21. Le vice affectant le permis de construire, relevé au point 8 du présent arrêt, tiré de la méconnaissance des règles de stationnement prévues par l’article 12.1 du règlement de la zone UA du plan local d’urbanisme de Lège-Cap Ferret, est susceptible de faire l’objet d’une mesure de régularisation en application de l’article L. 600-5-1 du code de l’urbanisme, dès lors qu’il existe la possibilité pour la société pétitionnaire de faire évoluer son projet et d’en revoir, le cas échéant, l’économie générale sans en changer la nature. Il y a donc lieu de surseoir à statuer sur les conclusions tendant à l’annulation du jugement attaqué jusqu’à l’expiration d’un délai de trois mois afin de permettre à la société Les Sirènes de notifier à la cour un nouvel arrêté lui accordant le permis de construire sollicité, régularisant le vice mentionné au point 8 du présent arrêt.
décide :
Article 1er : Il est sursis à statuer sur la requête de la SCI les Sirènes afin de lui permettre de notifier à la cour, dans le délai de trois mois à compter de la notification du présent arrêt, un nouvel arrêté lui accordant le permis de construire sollicité, régularisant le vice mentionné au point 8 du présent arrêt.
Article 2 : Tous droits et moyens des parties sur lesquels il n’est pas expressément statué par le présent arrêt sont réservés jusqu’en fin d’instance.

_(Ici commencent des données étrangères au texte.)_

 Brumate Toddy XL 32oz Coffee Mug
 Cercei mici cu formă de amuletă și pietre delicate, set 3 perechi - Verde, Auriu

Article 3 : Le présent arrêt sera notifié à la société civile immobilière les Sirènes, à la société par actions simplifiée Catalpa et à la commune de Lège-Cap Ferret.
Délibéré après l’audience du 22 janvier 2026 à laquelle siégeaient :
Mme Balzamo, présidente,
Mme Molina-Andréo, présidente-assesseure,
M. Bureau, premier conseiller.
Rendu public par mise à disposition au greffe, le 12 février 2026.
La rapporteure,
B. MOLINA-ANDRÉOLa présidente,
E. BALZAMOLa greffière,
S. LARRUE
La République mande et ordonne au préfet de la Gironde, en ce qui le concerne, et à tous commissaires de justice à ce requis, en ce qui concerne les voies de droit commun contre les parties privées, de pourvoir à l’exécution de la présente décision.